God has reminded his followers he has killed thousands of children, saying he didn’t understand what all the fuss was about.
God spoke to Bis-Serjetà following Sunday’s protest in Valletta against a legal amendment that ensures women whose life is at risk can access abortion without the risk of prosecution.
“If you want to stop abortion, I’m really not the deity you should be invoking,” God said.
“You people have read the Bible, right? So you’ve seen I’m no slouch when it comes to mass infanticide. And I don’t mean clumps of flesh the size of golf balls either – I mean actual fully grown children. I straight-up murdered thousands of Egyptian kids with a snap of my omnipotent fingers,” He said, referring to the passage in Exodus 11-29.
“In hindsight, killing the firstborn children of animals was a bit over the top. But in my defence, I’d been dating Athena and she left me for Anubis, so I wanted to get back at the jackal-headed cunt.”

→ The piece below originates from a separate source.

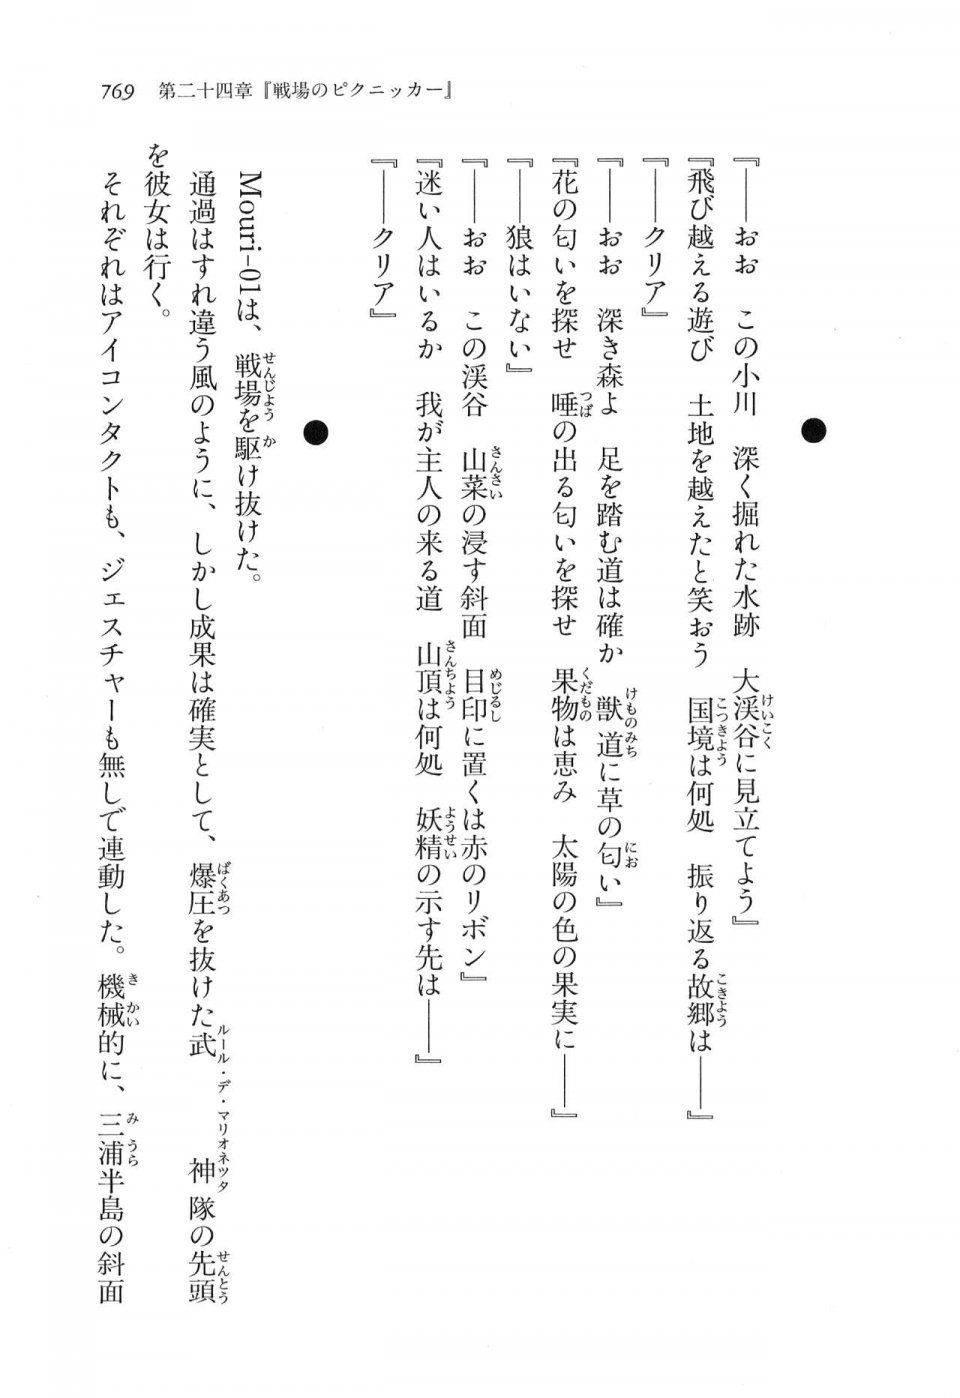 Kyoukai Senjou no Horizon LN Vol 16(7A) - Photo #769

God noted that was not the only time he had resorted to killing children.
“There were also episodes like the destruction of Amalek, when I ordered humans to kill everyone, including children, because I was feeling too lazy to do it myself.
“I mean it’s not that much of a big deal. There are like seven billion of you. Eight billion now? Jesus. No, son, I was just expressing shock,” he said.
“I have mellowed out a lot more since the old times, though. Nowadays I appreciate the fact I gave people free will, so it doesn’t make sense for me to get angry and murder all the people who use it. Therapy and meditation, folks – they really do work.”
God suggested alternative deities for anti-choice people to turn to.
“You’re better off invoking Satan, to be honest. Unlike me, he’s killed zero children. He does enjoy having sex with them though, so pick your poison. Us gods are just shitty,” He said.